A Framework for Cultural Differences

The cultural dimensions of learning framework (CDLF) (Table 1), adapted from the work of Hofstede and Hofstede (2005), Nisbett (2003), Levine (1997), Hall (1983), and Lewis (2006), is useful for understanding the spectrum of cultural differences that impact the teaching and learning enterprise. Where individuals fall along these dimensions impacts both how instructional providers approach their roles and how students view their own roles and expected behaviors. The dimensions do not describe either/or conditions but spectrums along which both cultures and individuals vary. Accordingly, no end of the spectrum should be unrecognizable to the reader, regardless of cultural background. Because humans share a common nature, each person is capable of the entire range of thoughts and behaviors that can arise along each of the dimensions. Research shows that cultural differences can be usefully described along these dimensions but that within any culture individuals will differ in how strongly they display these tendencies.

This framework differs in scope from the framework offered by Reeves (1992), as cited by Henderson, (1996), which begins from the perspective of pedagogical differences; however, the frameworks reach many of the same conclusions.
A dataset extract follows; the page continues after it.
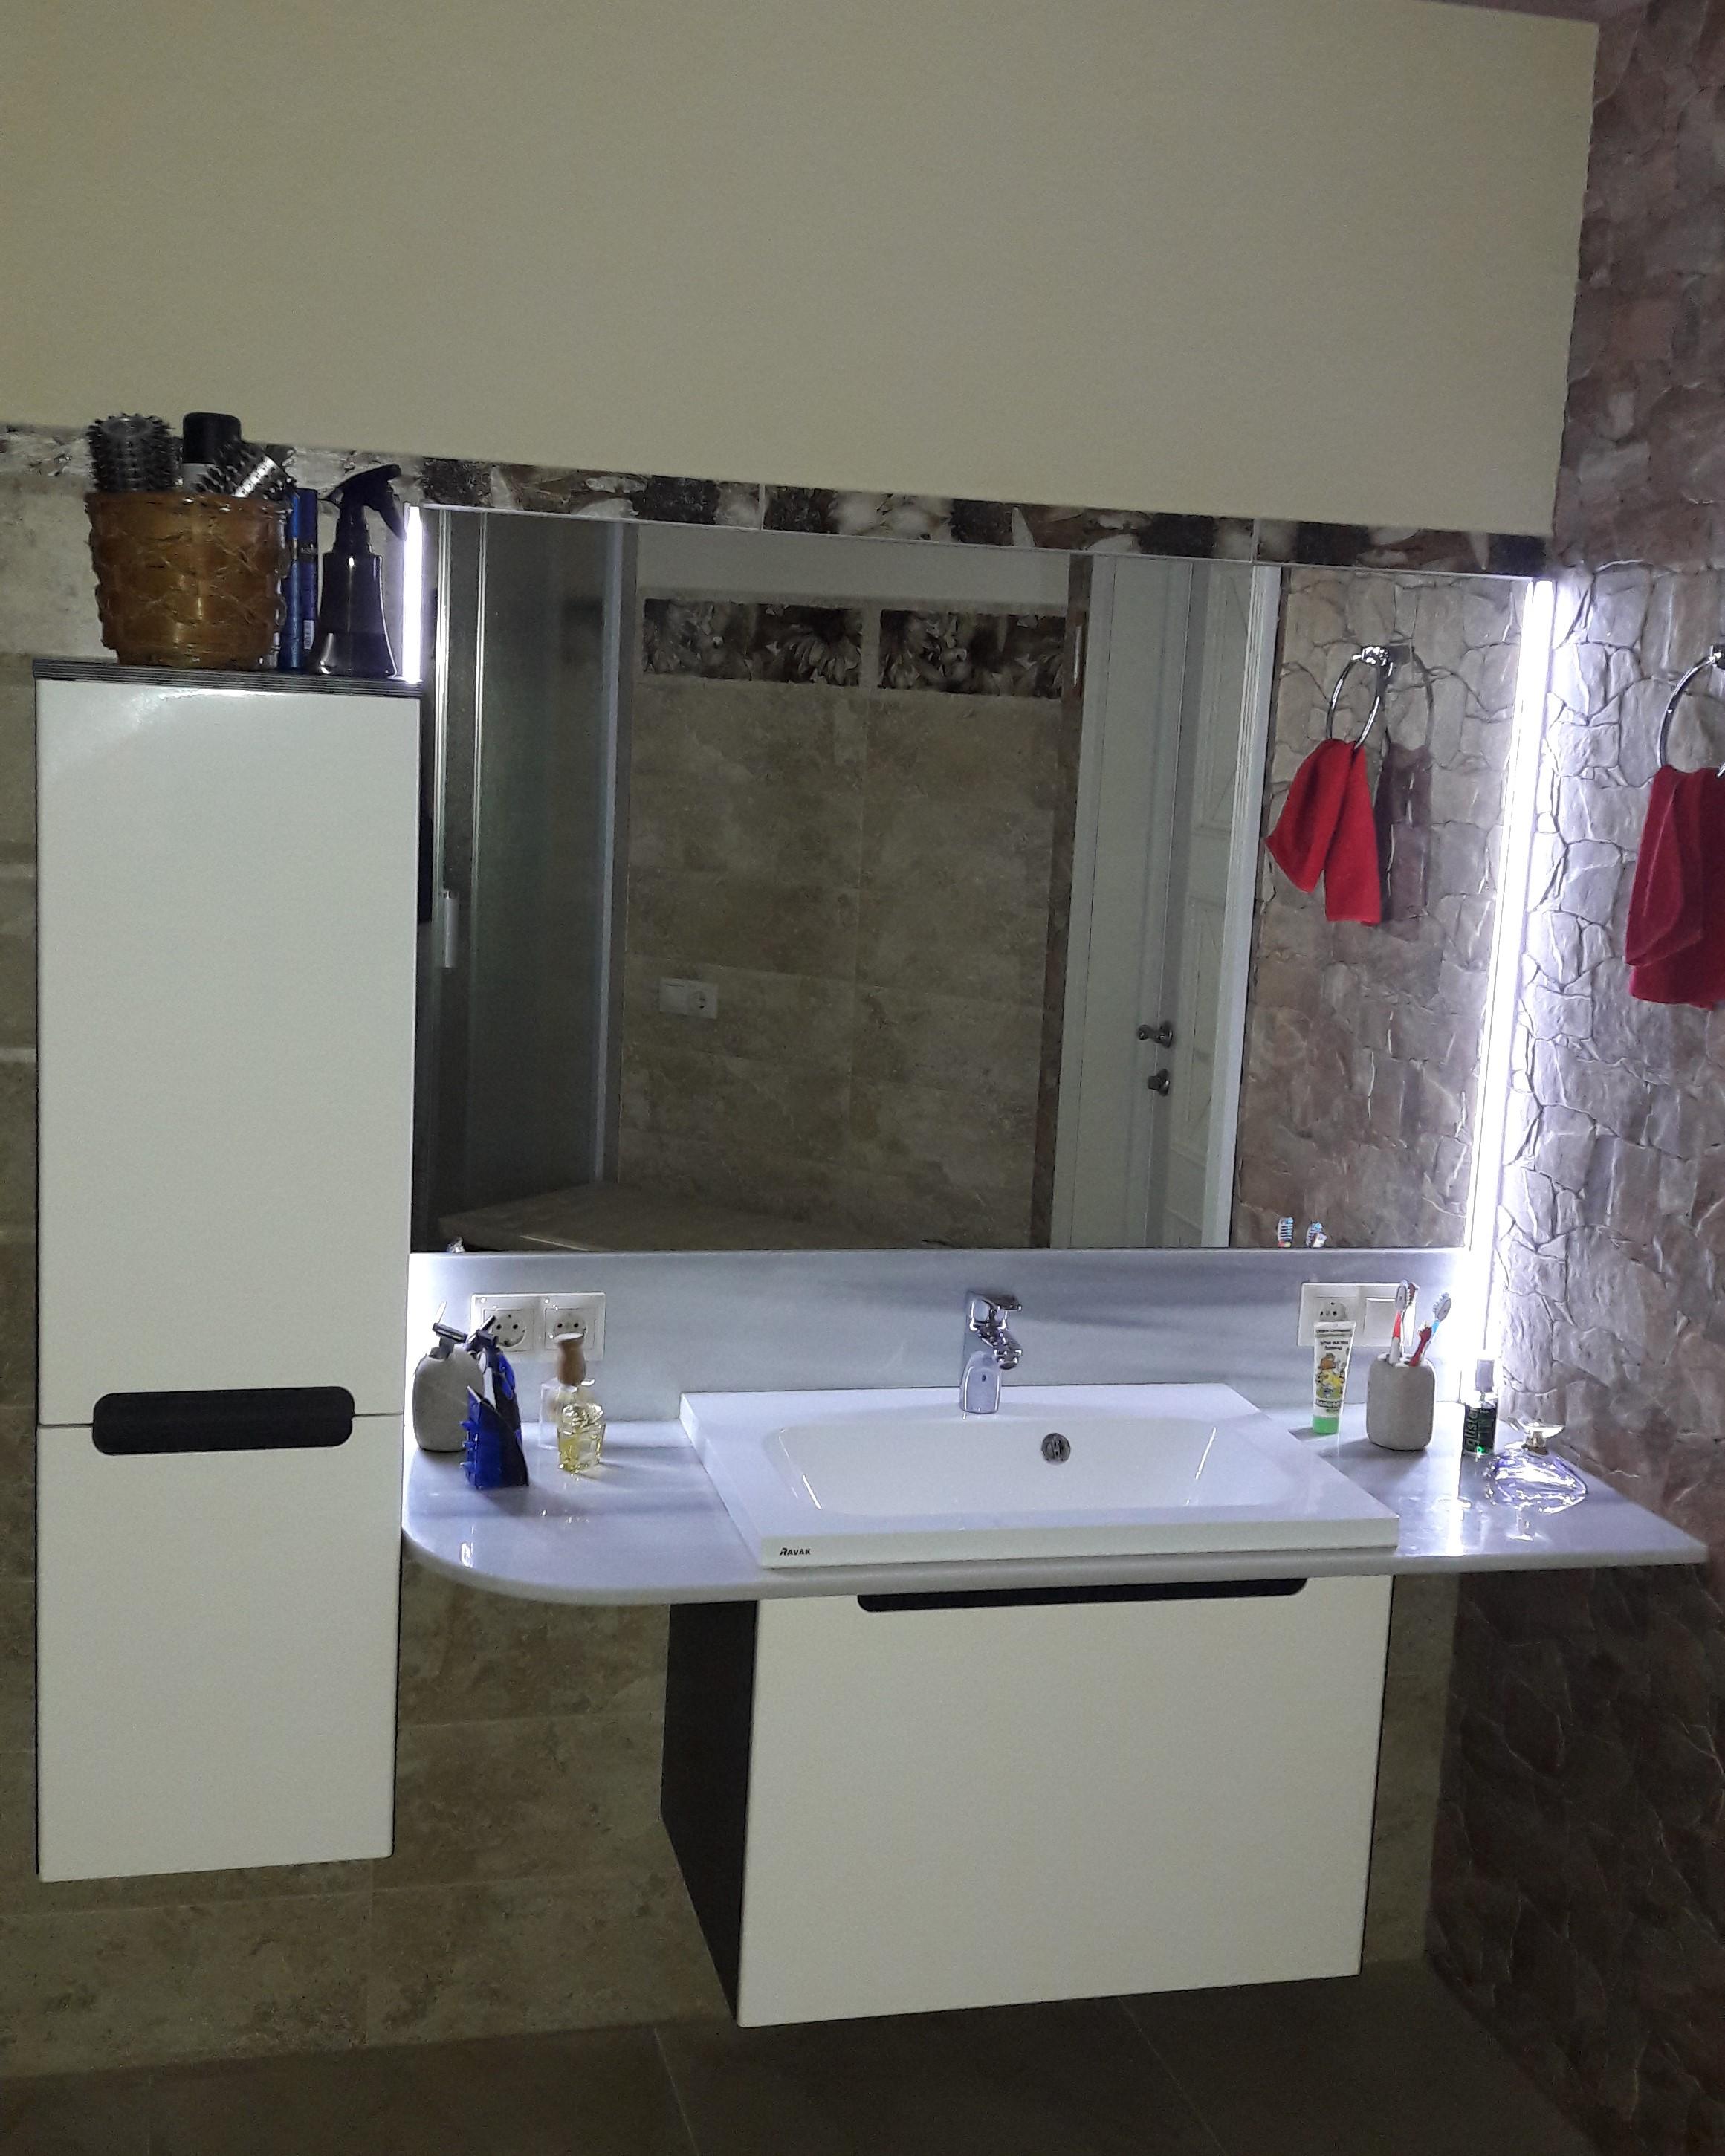 Фото Штукатурка, покраска, укладка плитки, установка мебели, зеркала

The CDLF touches upon nearly all the dimensions described by Reeves but includes several new dimensions due to its broader starting point and the benefit of new research performed in the intervening years. It also describes these cultural dimensions in more detail. Even so, the CDLF does not pretend to address all potential cultural dimensions that might be useful to consider. For example, gender roles and differences in non-verbal communications are treated only indirectly. Cultural complexity and the fundamental role of education and training in the transmission of culture make a comprehensive framework impractical to describe in a single article.

In presenting their model of cultural dimensions, Hofstede and Hofstede (2005) discuss the difference between values and practices as layers of culture. In their terms, cultural values are acquired early in life and are the deepest and most enduring aspects of culture. Cultural practices, on the other hand, are the superficial rituals and norms that are more easily observed. While practices may be reflections of cultural values, they are more subject to change. The most superficial practices are not inevitable outcomes of values; they are often mere trappings that can change without challenging underlying values. In this framework, the eight cultural dimensions represent values. Consequently, the manifested learning behaviors described are more than superficial practices. Instead, they are direct reflections of values, and challenging them may conflict with those underlying values. More research specifically focused on cultural aspects of learning environments is required before this claim can be asserted with full confidence, although compelling research already exists for many of the aspects (e.g., Nisbett, 2003).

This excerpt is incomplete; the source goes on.